GaspiLS – Scalability for CFD and FEM Simulations

GaspiLS is a scalable and industry proven linear solver library for the exascale age. Many engineering simulations are based on CFD and FEM methods. Examples are the determination of aerodynamic properties of planes or the analysis of statics of buildings. A large part of the computation time is required to solve the underlying equations using iterative methods. The performance of the employed iterative solvers has a significant impact on the total run time of these simulations. We have developed the linear solver library GaspiLS to faster gain insights from the simulations.


Industry uses GaspiLS for better scalability

Scalability measures the parallel efficiency of an implementation. The optimum is the so-called linear scalability. This corresponds to a full utilization of the cores within a single CPU or the CPUs within a cluster, which are interconnected by a network.

GaspiLSs' inherent scalability yields the following advantages for simulations:

  • more detailed models
  • more precise parameter studies
  • cost-efficient resource utilization

These aspects make GaspiLS particularly interesting for industry.

Better compute resource utilization

In order to achieve better scalability, GaspiLS uses tools for parallel programming which are developed by us: These are the communication library GPI-2 and its underlying programming model. The algorithm is split into fine grained sub problems (so-called tasks) with mutual dependencies. This allows for the assignment of executable tasks to free compute resources at any time and guarantees for a continuous stream of compute tasks for every CPU.

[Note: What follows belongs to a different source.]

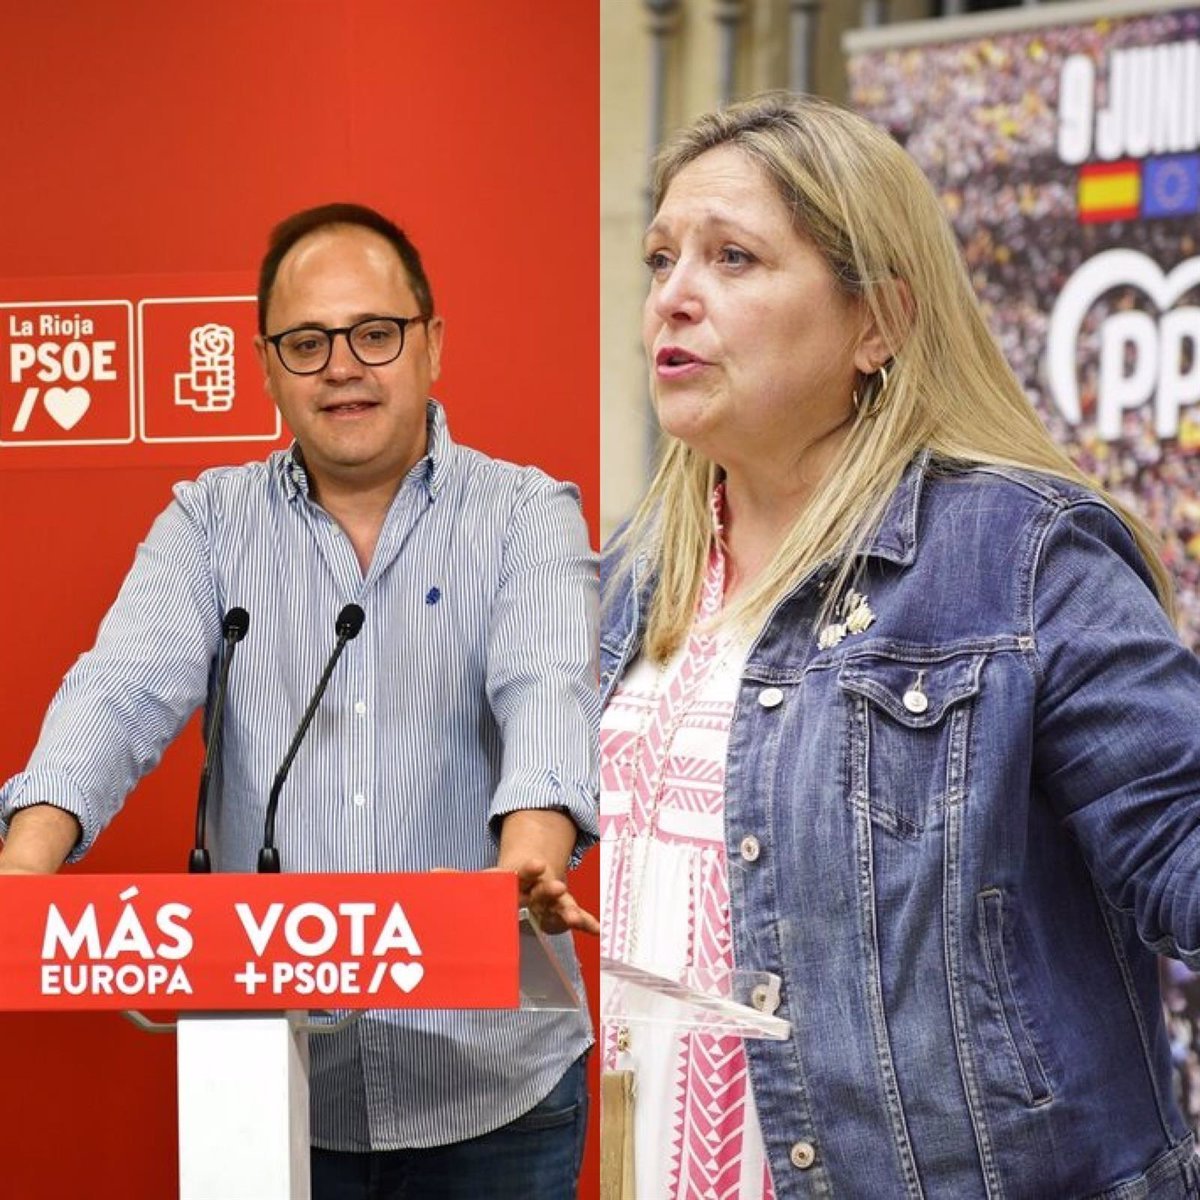 La Rioja contará por primera vez con dos eurodiputados, la «popular» Esther Herranz y el socialista César Luena

In this way, we avoid global synchronization points and compensate for the latency times or imbalances in compute time resulting from the exchange of data due to the large number of generated sub problems. Every single core is maximally emploited at any time.

Pressure correction computation
© Fraunhofer ITWM

Pressure correction computation in the PISO method: GaspiLS (green and blue) has significantly improved performance and scalability in comparison to the MPI based implementation (orange).